Member of Karnataka Legislative Assembly
- Incumbent
- Assumed office May 2008
- Preceded by: S. Raghu
- Constituency: Shanthinagar

Personal details
- Born: 11 January 1967 (age 59) Bhadravati, Karnataka
- Party: Indian National Congress
- Occupation: MLA

= N. A. Haris =

Indian businessman and politician

Nalapad Ahmed Haris (popularly known as N. A. Haris) is an Indian businessman, politician and sports administrator. He is a member of the Indian National Congress and has represented the Shanti Nagar Assembly constituency in the Karnataka Legislative Assembly since 2008. He was formerly working as the Chairman of the Bangalore Metropolitan Transport Corporation.

He was appointed chairman for Bengaluru Development Authority (BDA) on 26 January 2024.

== Early life ==
Nalapad Ahmed Haris was born in 1967 in Bengaluru. His father, N. A. Mohammed, moved from Kasaragod, Kerala to Bhadravati, Karnataka in 1960 to set up a metal scrapping shop. Mohammed later moved to Bengaluru and started working on government construction projects. One of the notable projects was Upper Krishna Project. With the money made in this project, Mohammed established Hotel Bangalore International. In 1978, Mohammed set up the Nalapad Group of Hotels. Haris joined the family business in 1997.

== Nalapad Group ==
Haris played a major role in diversifying Nalapad Group's business into Nalapad Pipes, Nalapad Suraksha, Nalapad Infotech and Nalapad Energy. Haris's family also owns Nalapad International School.

== Political career ==
Through the Nalapad family's business, Haris came in contact with Indian National Congress leader K. J. George, who also hailed from Kerala. In the early 2000s, Haris became a trusted aide of K. J. George and former Kerala Chief Minister Oommen Chandy. This helped him elevate his position within the party.
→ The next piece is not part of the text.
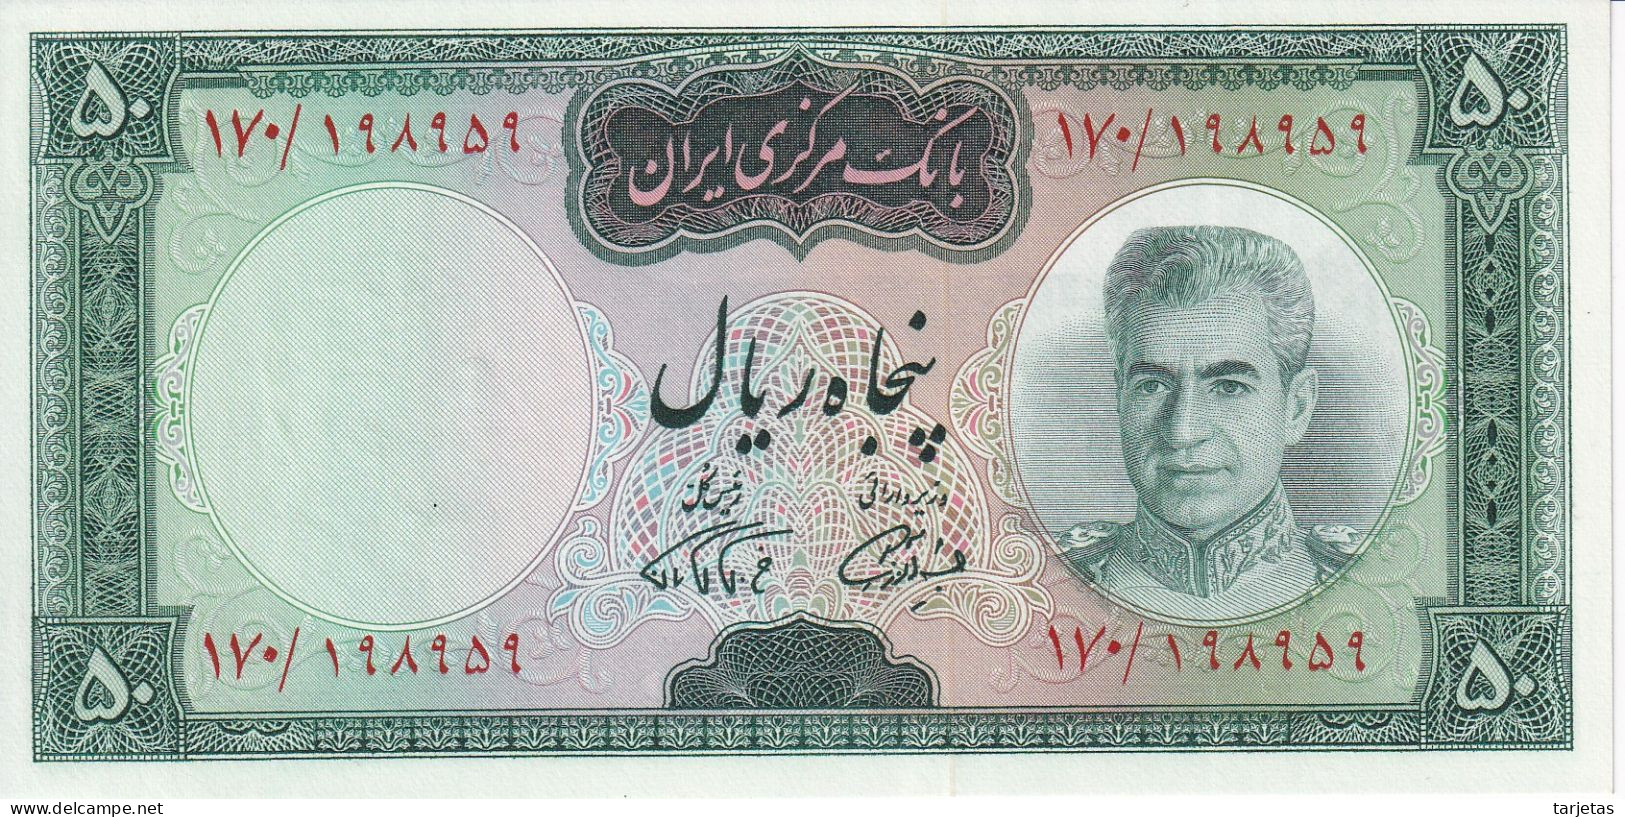 BILLETE DE IRAN DE 50 RIALS DEL AÑO 1969 SIN CIRCULAR (UNC) (BANKNOTE) - Iran
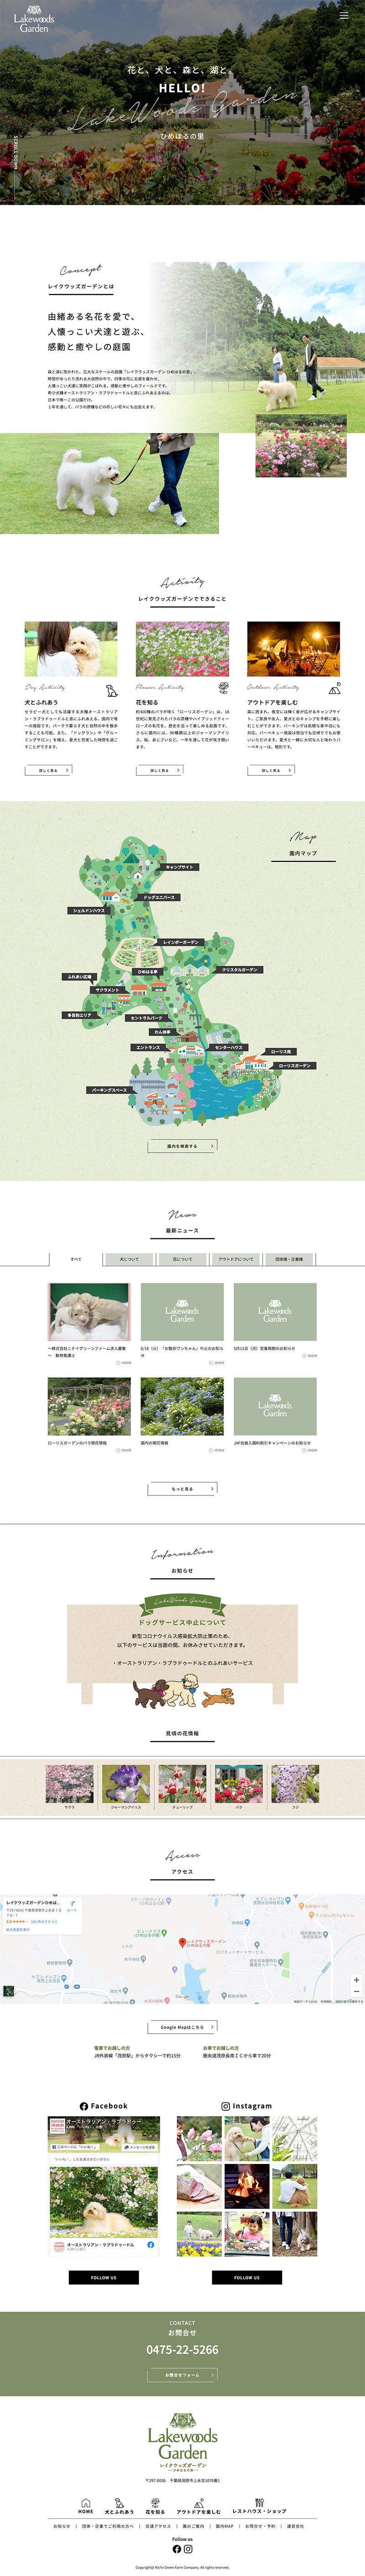 犬と花のテーマパーク「レイクウッズガーデン」の特設サイトTOP

Aged 41, he was elected as the Member of the Legislative Assembly (MLA) from Shanti Nagar in the 2008 Karnataka Legislative Assembly election. He gained popularity through charitable work, especially through the N A Haris foundation which provided scholarships to underprivileged children and organized job fairs.

He was re-elected in 2013, winning the seat by a margin of 19,000 votes in the 2013 Karnataka assembly elections. He was re-elected in the 2018 Karnataka Legislative Assembly election.

In 2017, Haris' 28-year-old son, Mohammed Nalapad, was appointed the General Secretary of the Bengaluru Youth Congress.

== AIFF ==
On 1 September 2022, Haris was elected as the vice president of the All India Football Federation (AIFF).